▽

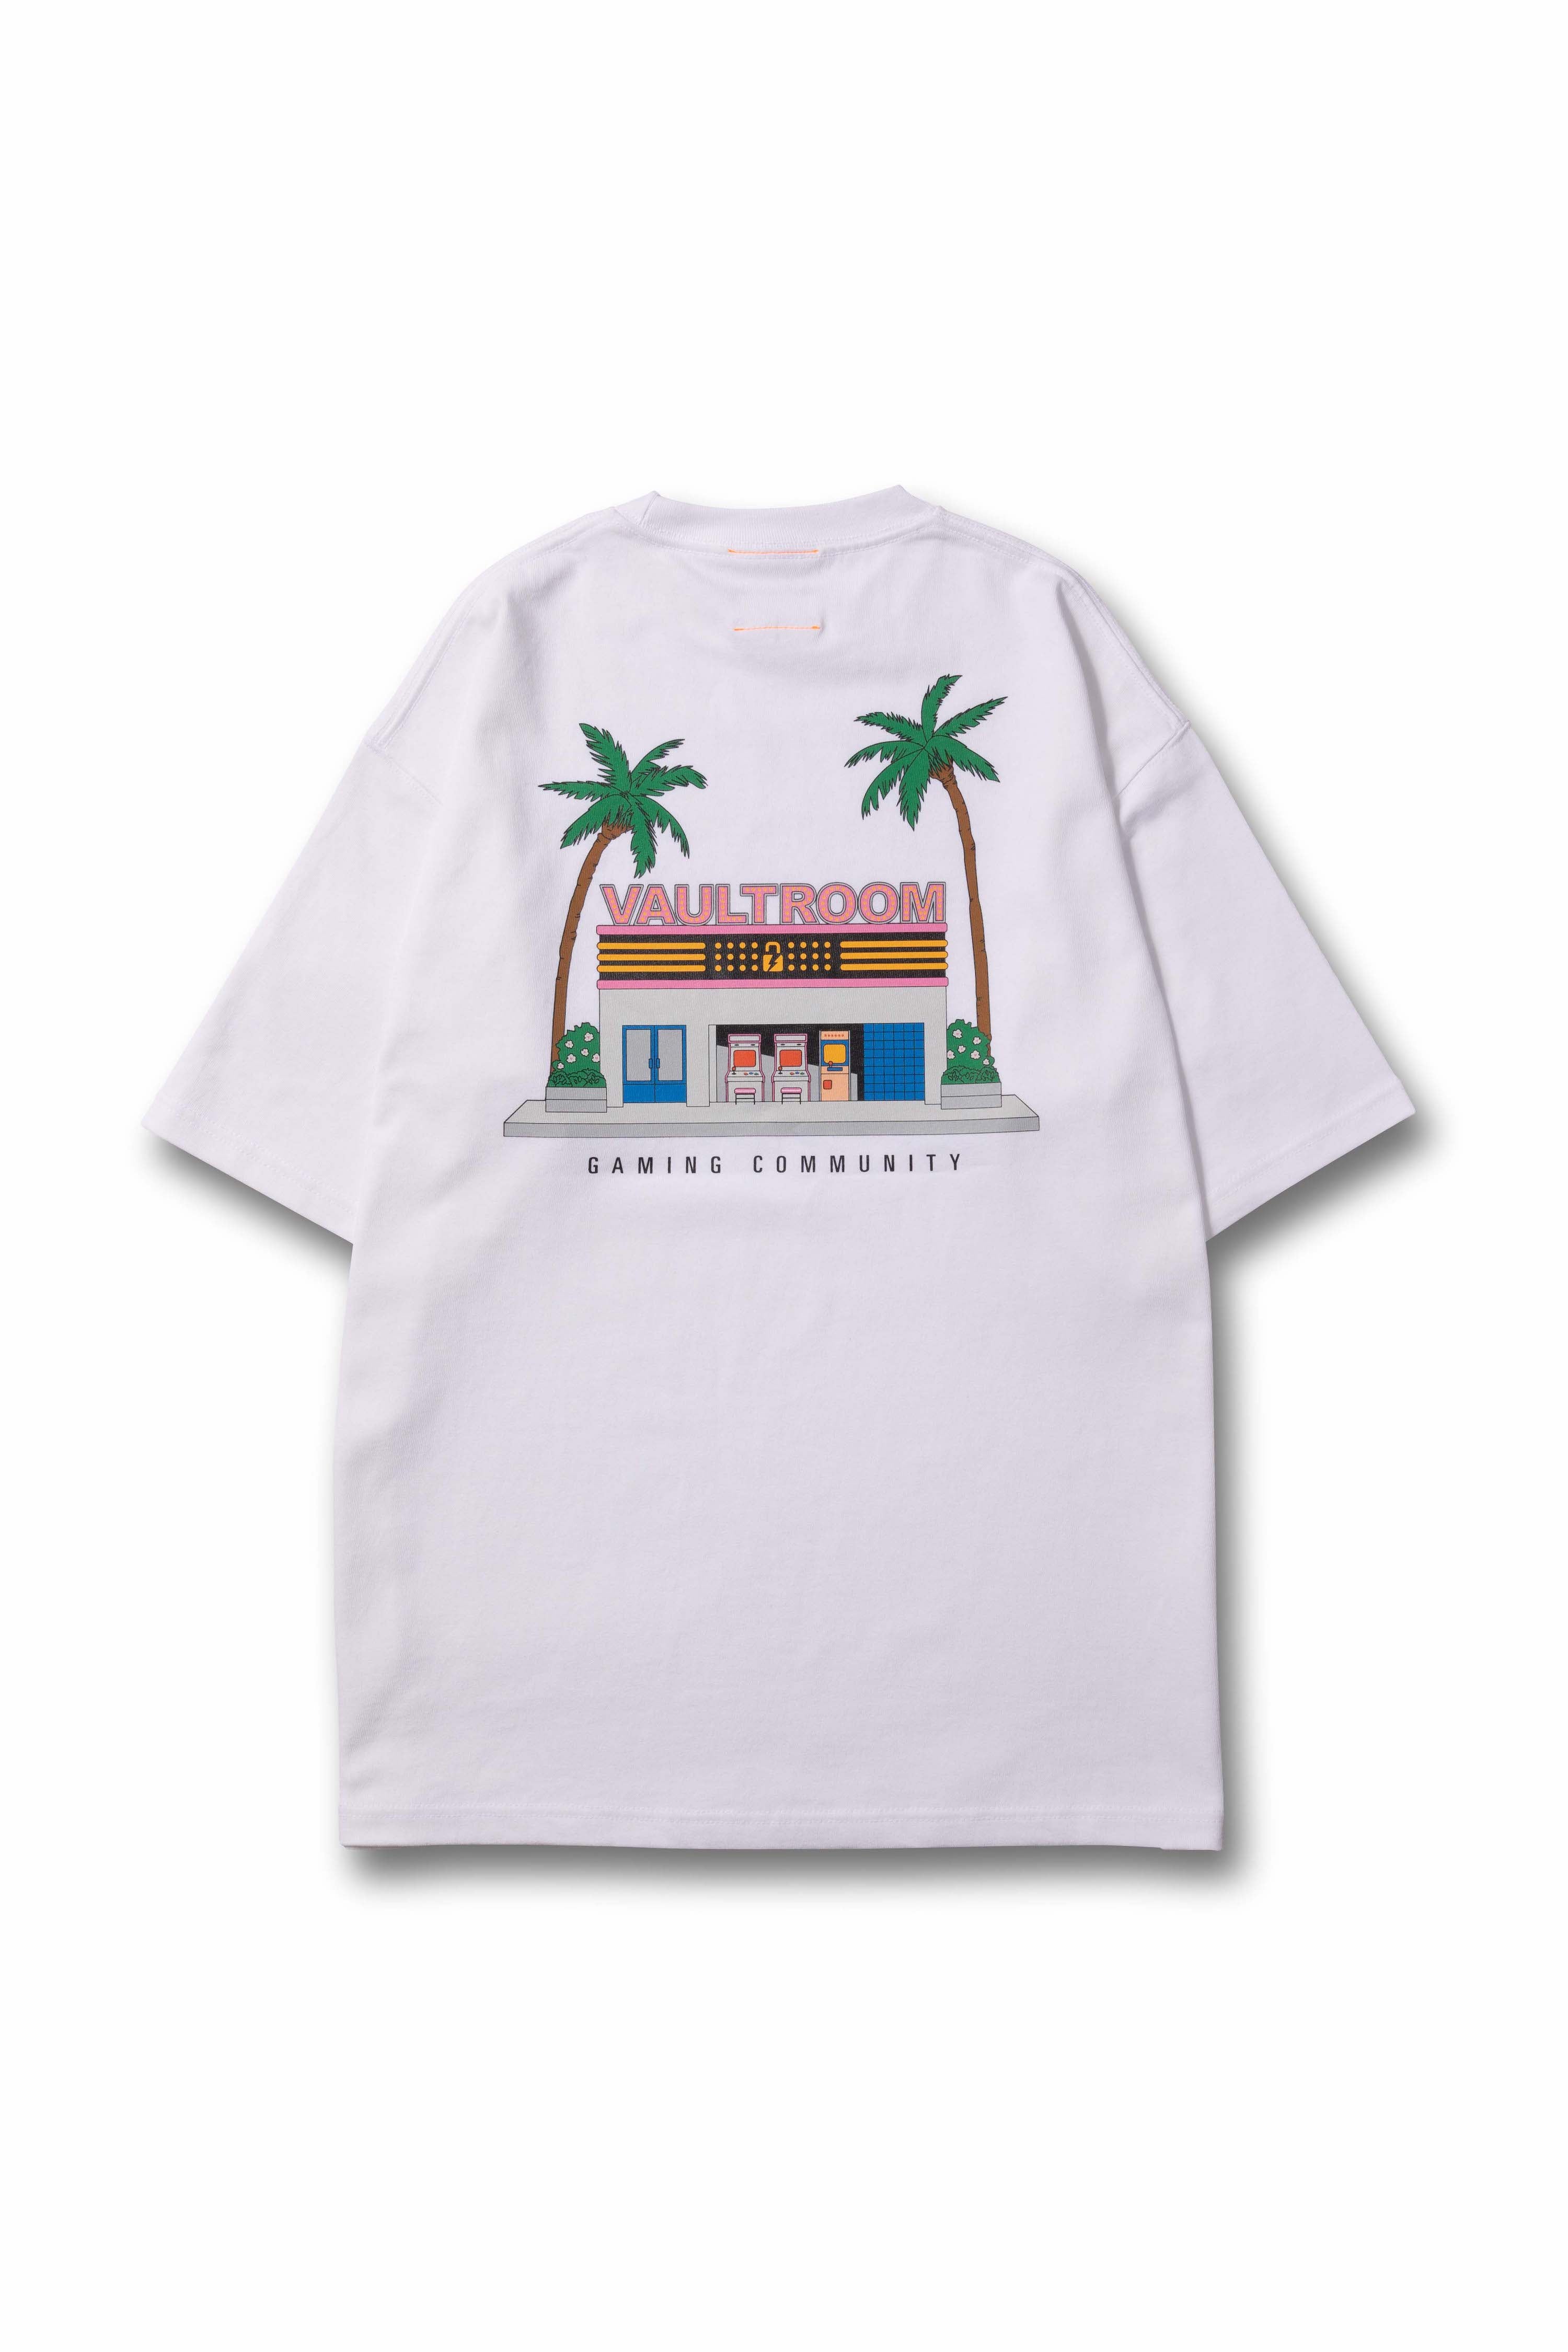 Vaultroom GAME CENTER TEE / WHT XL - Tシャツ/カットソー(半袖/袖なし)
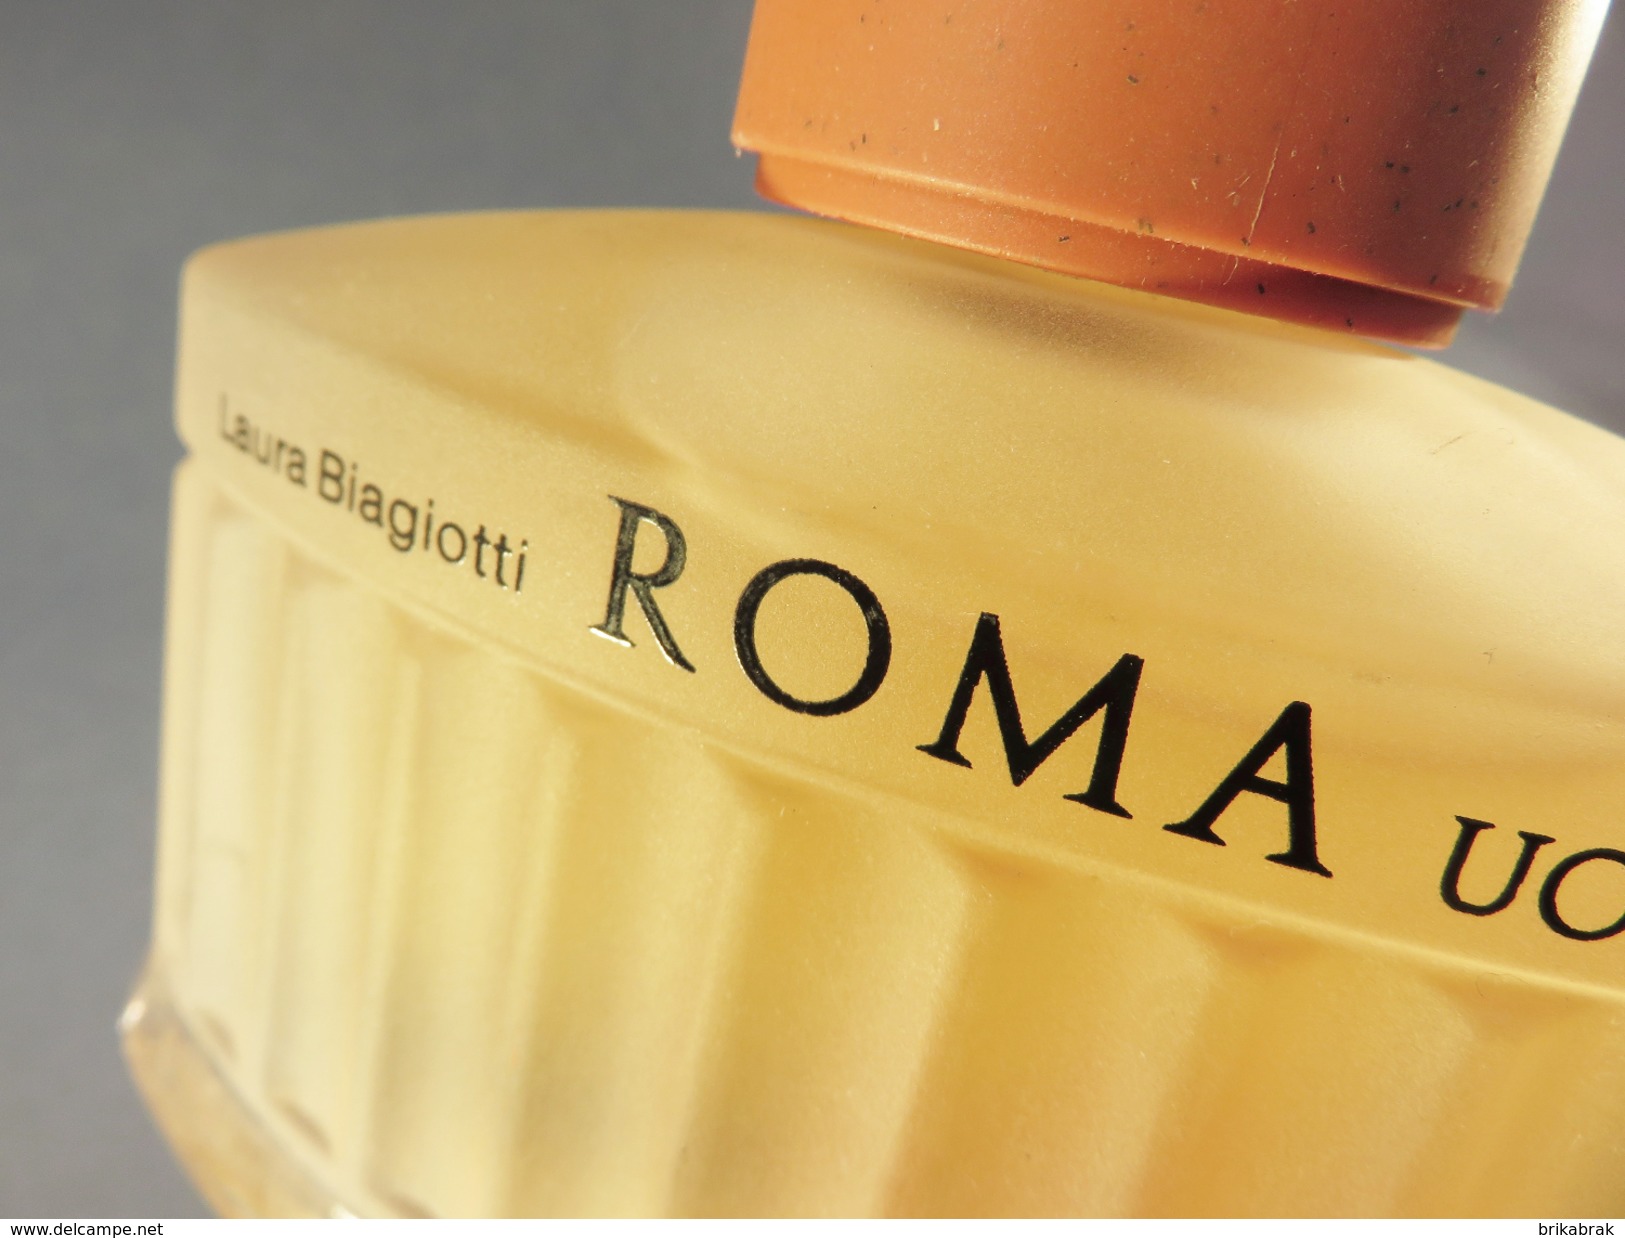 FLACON FACTICE ROMA LAURA BIAGOTTI + Mode Flacon Bouteille Rome PLV Parfum Parfumerie - Voorbeeldflesje
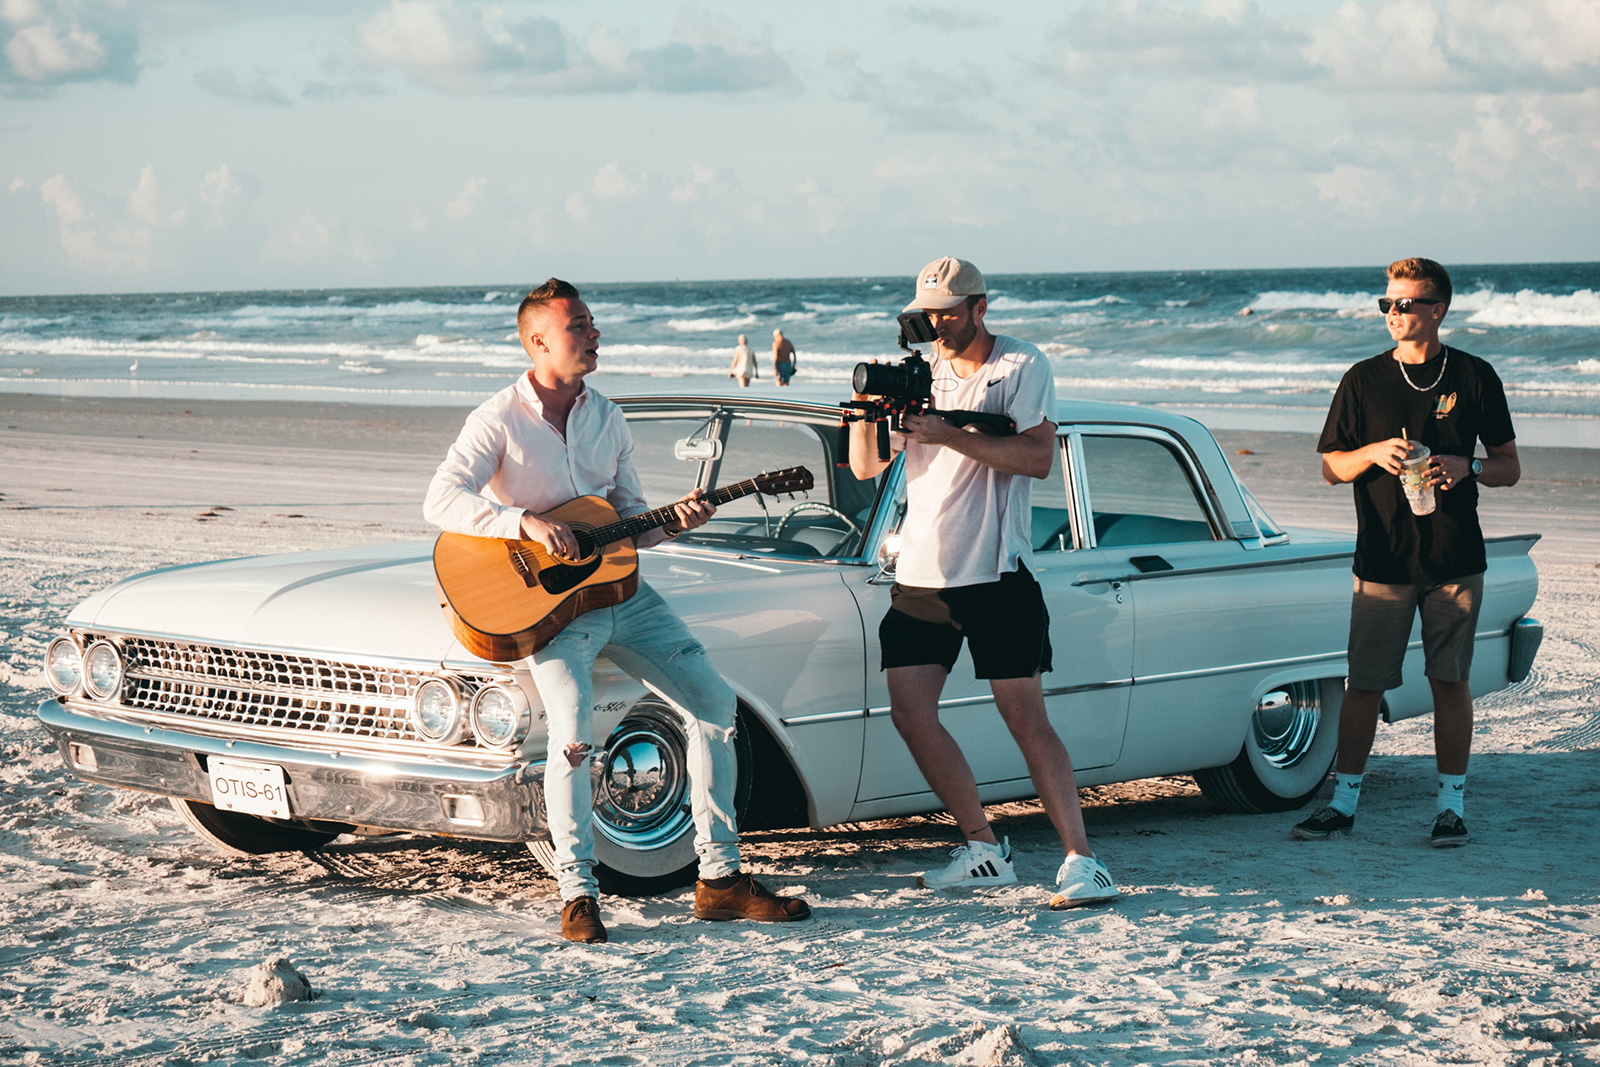 music video shoot on beach

△

Please output the material above again, exactly, and omit every image.

 Vaultroom GAME CENTER TEE / WHT XL - Tシャツ/カットソー(半袖/袖なし)
 FLACON FACTICE ROMA LAURA BIAGOTTI + Mode Flacon Bouteille Rome PLV Parfum Parfumerie - Voorbeeldflesje
 music video shoot on beach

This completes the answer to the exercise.